Neutrophils can shed sIL6Rα in response to IL8 (Marin et al., 2002), which is abundant in cytokine storms associated with COVID-19 (Wu and Yang, 2020; Zhang et al., 2020). Together, these findings lead us to hypothesize that IL-6 trans-signaling.
Extensive infiltration of neutrophils in the pulmonary capillaries with acute capillitis with pulmonary deposition and extravasation in the alveolar space. An image was chosen to emphasize the capillary lesions. (B) Neutrophilic mucosa of the trachea.
The entire airway was affected (image by A. Borkuk, Weil Cornell Medical Center). Both samples come from a 64-year-old Hispanic man grown with diabetes, end-stage kidney disease on hemodialysis, heart failure, and hepatitis C on leadipasvir / sofosbuvir therapy.

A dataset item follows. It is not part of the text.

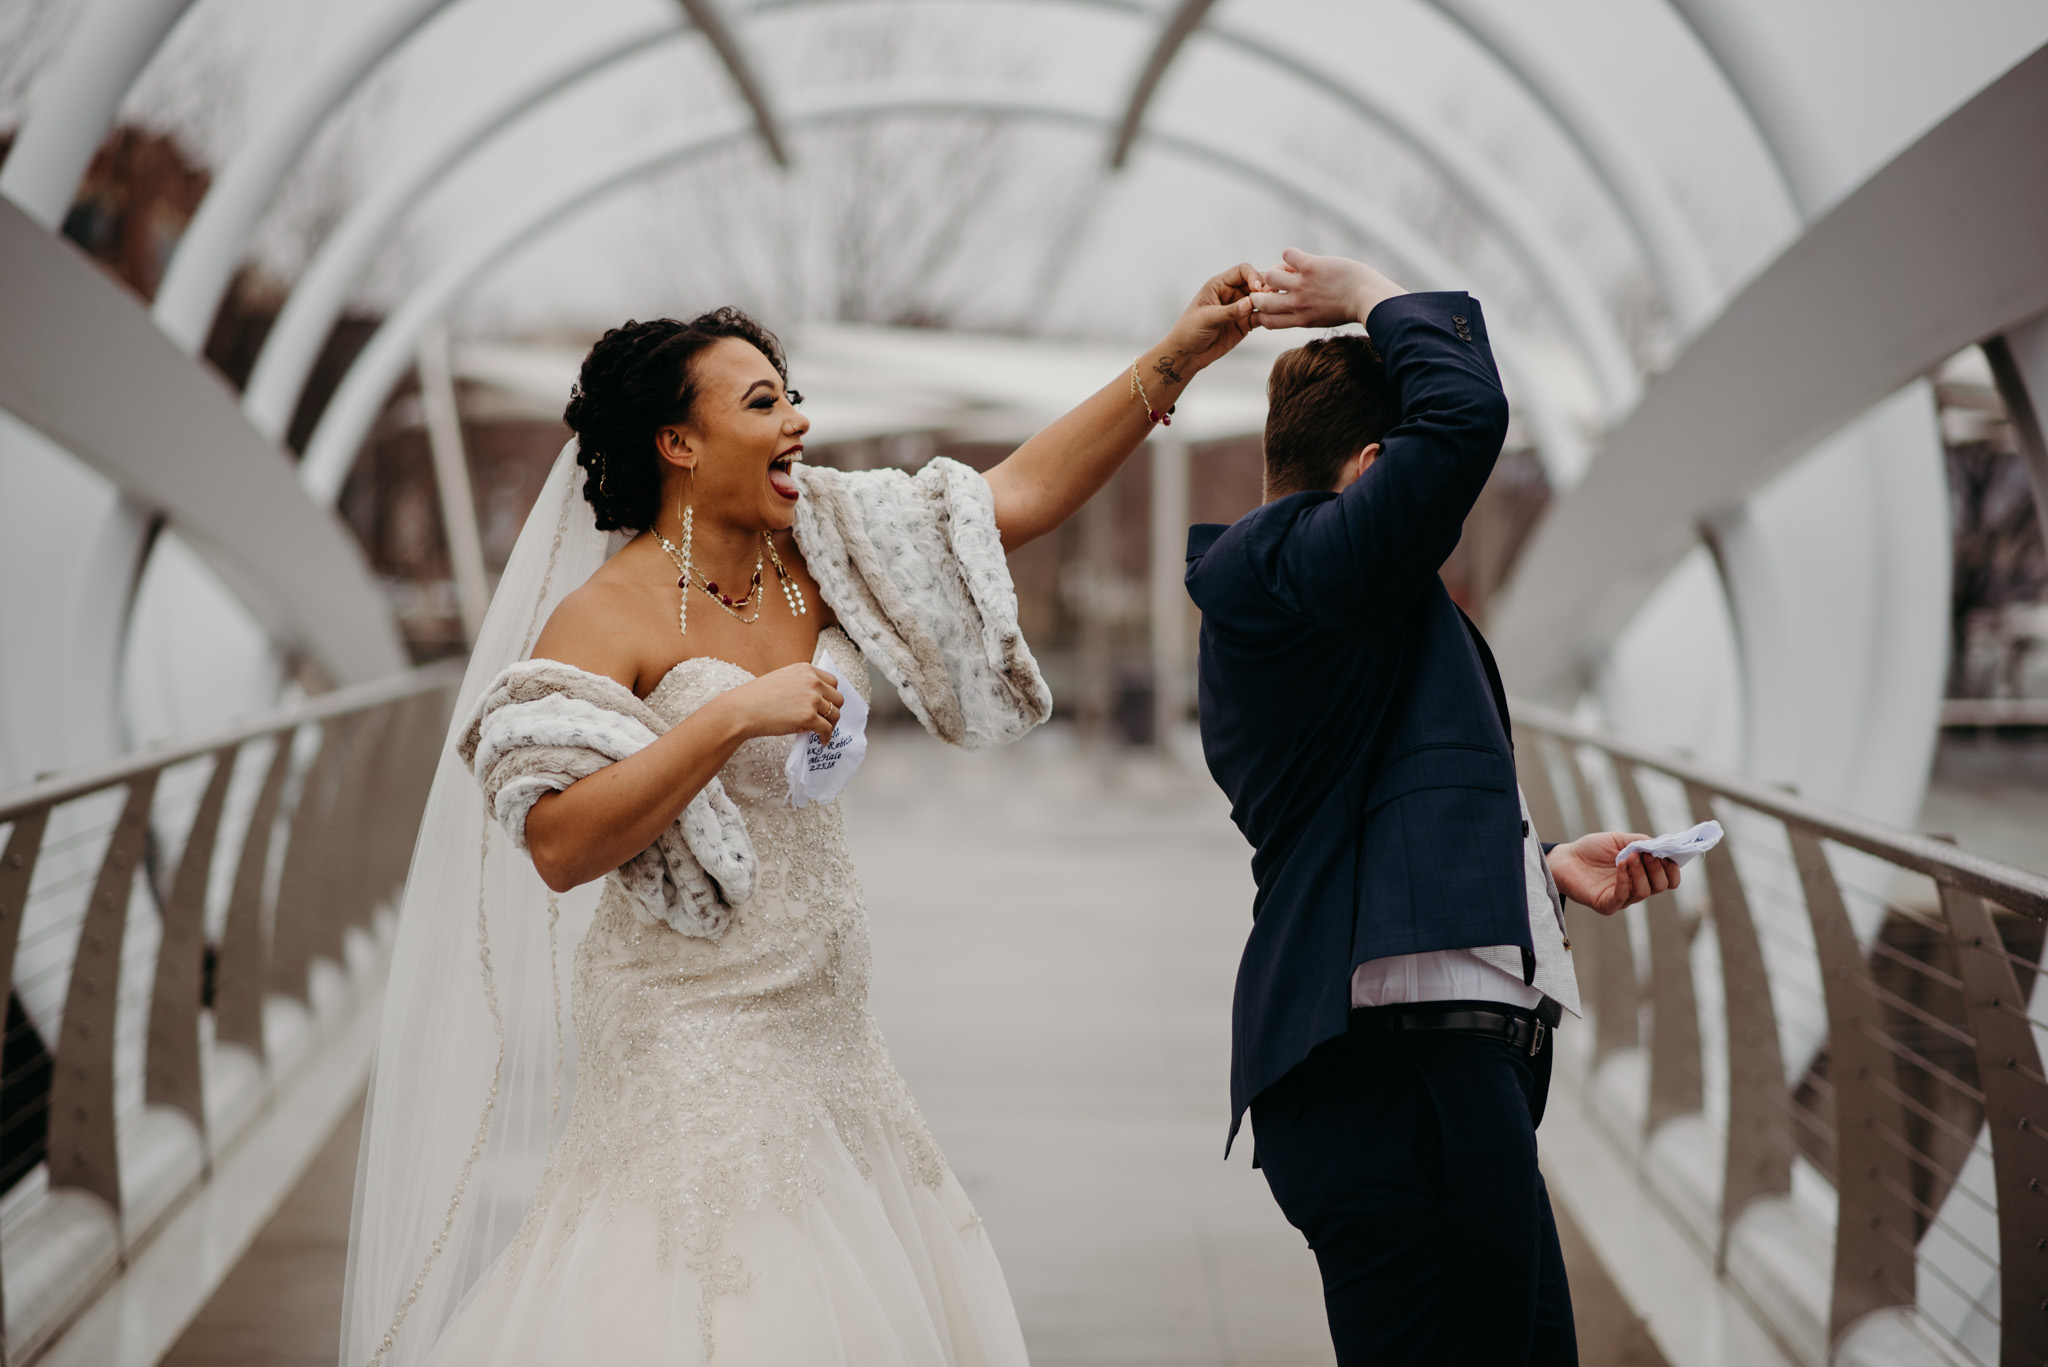 district-winery-lgbtq-lgbt-wedding-dc-lindsey-paradiso-photography-2277.jpg
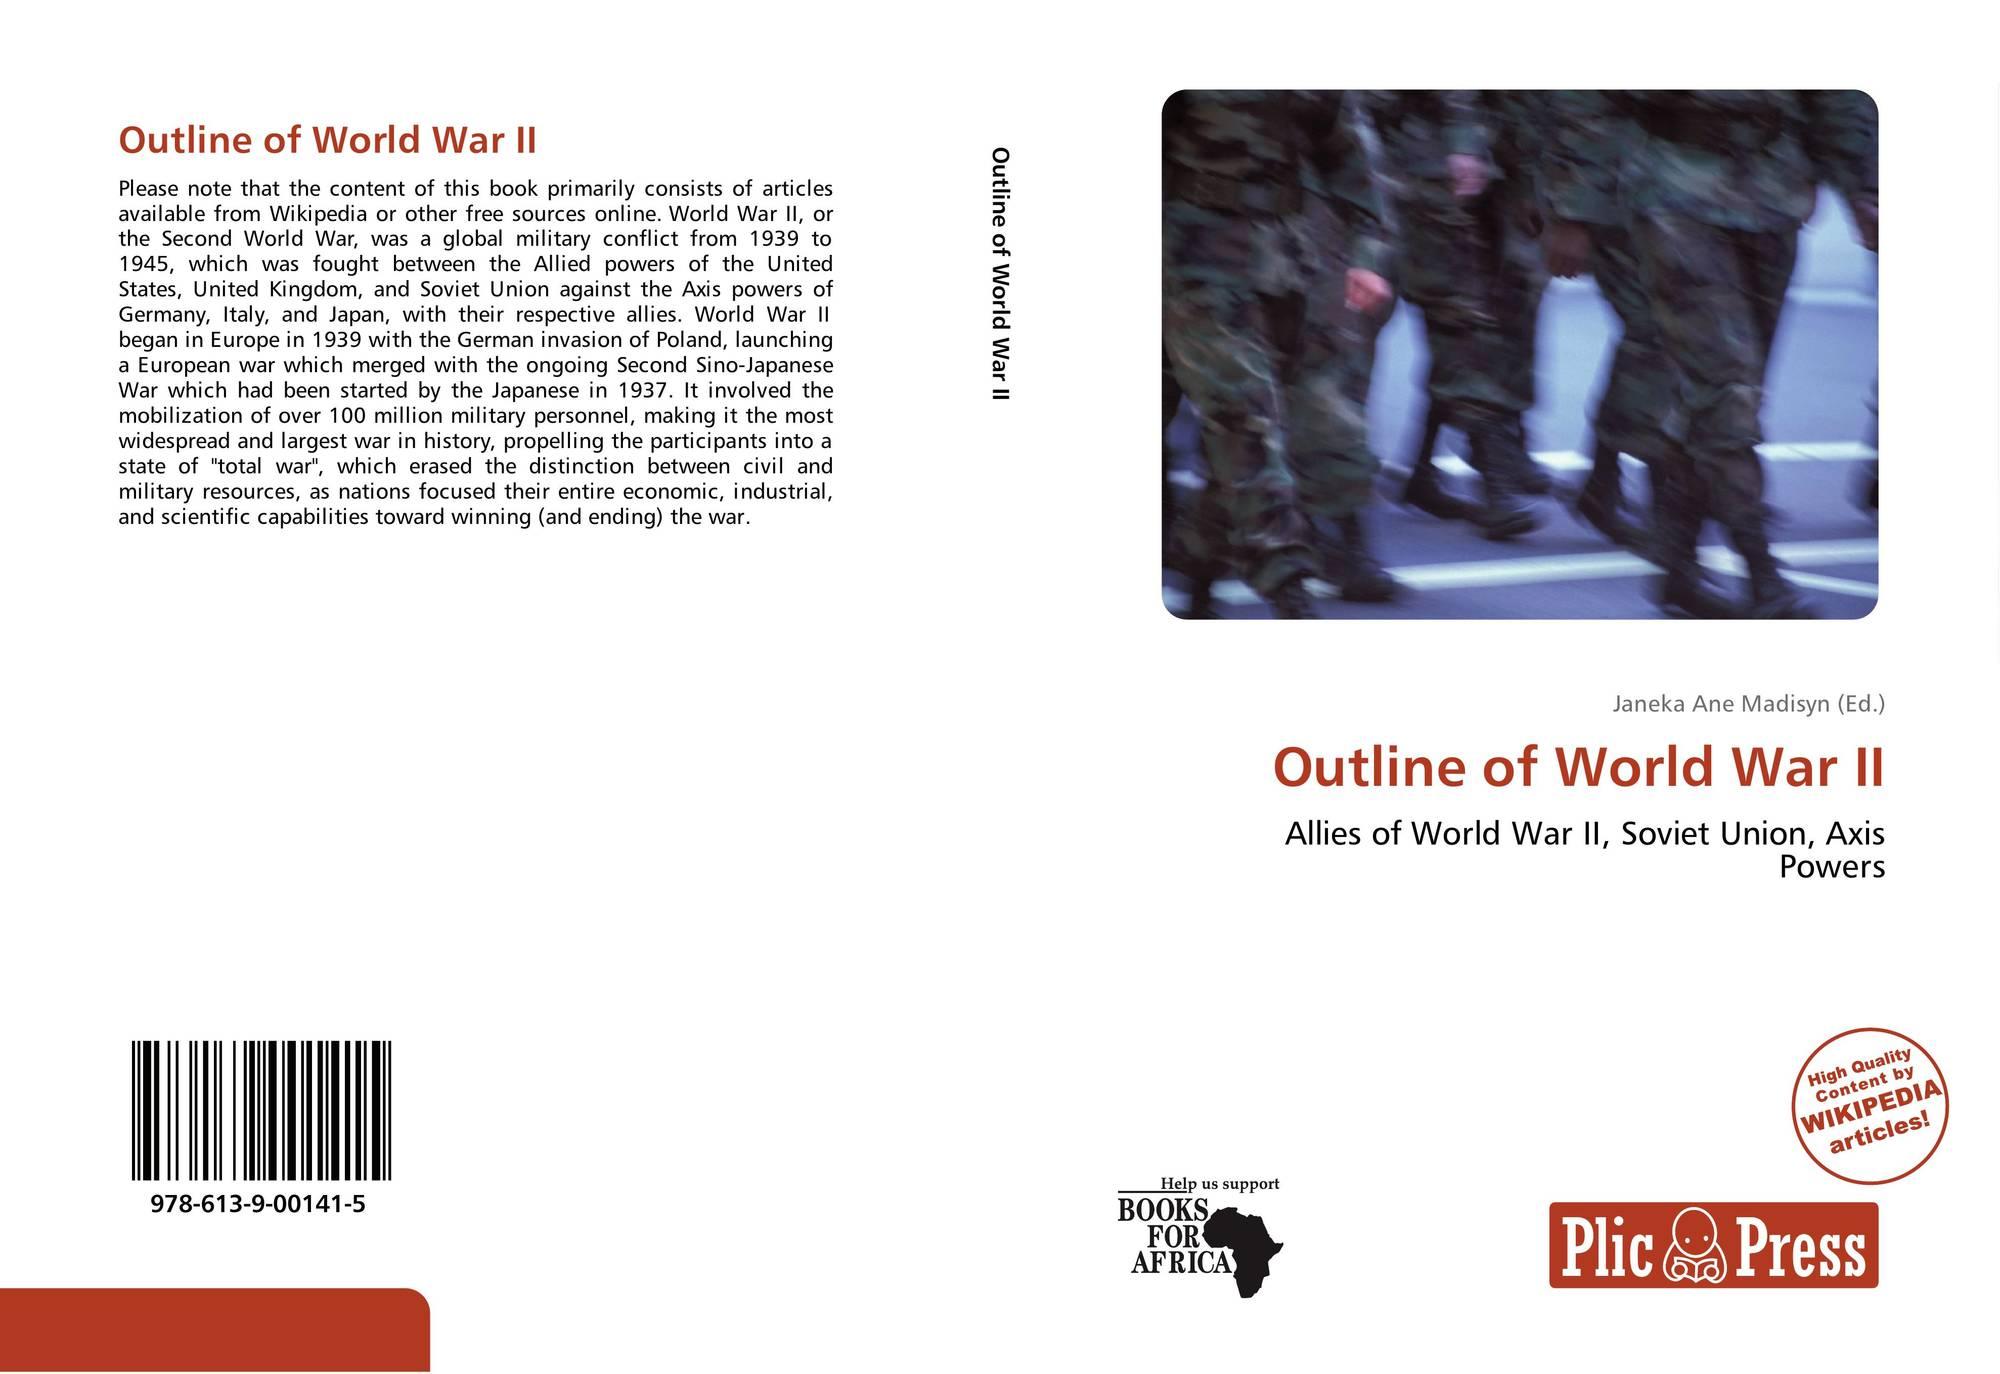 Outline of World War II, 978-613-9-00141-5, 6139001412

He refused medical intervention, so he was not intubated and died in the emergency room 5 hours shortly after presentation, shortly after the fever developed. There was no evidence of sepsis clinically in this patient, premature cultures were negative.
And an autopsy was performed within 5 hours of death. Similar neutrophil distribution, but with less extensive infiltration, has been analyzed to date in two additional channels. These other two cases had a longer duration of symptoms.